Last fall, a working group that Chiang convened issued a report identifying a public, state-owned bank as one of the potential solutions to the marijuana industry’s cash problem. And Chiang said he is preparing to award a contract to examine the obstacles to creating one. State Attorney General Xavier Becerra is weighing the legal hurdles.
But some do not want to wait on Sacramento. In Los Angeles, David Jette, a veteran of the Occupy Wall Street movement and a member of the Democratic Socialists of America, is urging the city to found a public bank of its own, and he has an ally: Herb Wesson, president of the city council, is trying to do just that, and L.A. residents will be asked to vote on the legislation this November.
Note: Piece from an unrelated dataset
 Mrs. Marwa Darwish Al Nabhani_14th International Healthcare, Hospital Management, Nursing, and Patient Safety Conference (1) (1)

Residents are being asked to modify the city charter to allow for the existence of a city bank. It would be a watershed moment for public bank advocacy. It’s not the only place where the idea is being discussed, but officials in San Francisco, Seattle and Washington, DC, will be eager to see if the country’s second largest city can even clear the first hurdle: public opinion.
"If the public endorses it, that would be huge for us,” Ellen Brown, a founder and chair of the Public Banking Institute, told The Daily Beast. In 2014, Brown was the Green Party candidate for state treasurer, the creation of a public bank the center of her platform. The likely next governor, Democrat Gavin Newsom, has “long supported creation of state-supported banking solutions for licensed cannabis operators,” according to spokesperson Tammy Trinh, and on Twitter he called for a state bank that would also “build our infrastructure, construct new health care facilities, provide student loans, [and] build 3.5 million new housing units by 2025.”
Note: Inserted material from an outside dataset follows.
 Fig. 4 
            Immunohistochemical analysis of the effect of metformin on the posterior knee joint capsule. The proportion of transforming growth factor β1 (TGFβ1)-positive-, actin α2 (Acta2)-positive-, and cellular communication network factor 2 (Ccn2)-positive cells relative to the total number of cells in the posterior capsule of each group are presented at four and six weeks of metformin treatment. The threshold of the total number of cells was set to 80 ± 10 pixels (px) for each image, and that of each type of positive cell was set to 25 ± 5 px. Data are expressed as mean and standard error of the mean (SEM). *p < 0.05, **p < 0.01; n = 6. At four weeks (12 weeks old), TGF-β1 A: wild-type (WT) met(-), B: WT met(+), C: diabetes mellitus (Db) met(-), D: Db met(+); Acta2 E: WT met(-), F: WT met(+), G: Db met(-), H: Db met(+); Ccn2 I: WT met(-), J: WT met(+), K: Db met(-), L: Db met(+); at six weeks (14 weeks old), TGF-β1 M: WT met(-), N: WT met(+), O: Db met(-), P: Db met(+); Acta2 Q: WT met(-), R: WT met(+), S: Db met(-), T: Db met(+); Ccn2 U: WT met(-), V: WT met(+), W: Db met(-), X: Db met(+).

Public banks come with risks. A federal government opposed to cannabis businesses might see a public bank as an easy target for a raid and subsequent confiscation of deposits. And before even getting to that point the state would probably need a master account at the Federal Reserve, which, at least, is subject to the approval of the San Francisco branch. (In Colorado, a credit union established to service that state’s legal marijuana industry was, after a legal fight, able to obtain conditional approval from the Federal Reserve Bank of Kansas City — but only if it agreed to service marijuana-adjacent businesses, such as accountants and landlords.)
Klein, of Brookings, said federal regulations that make it illegal to do business with state-licensed cannabis firms are counterproductive, even if they are not reliably enforced, would also apply to any bank owned by a state. These rules are “a giant mistake,” he said. “I just don’t see that a public bank solves the core problem.”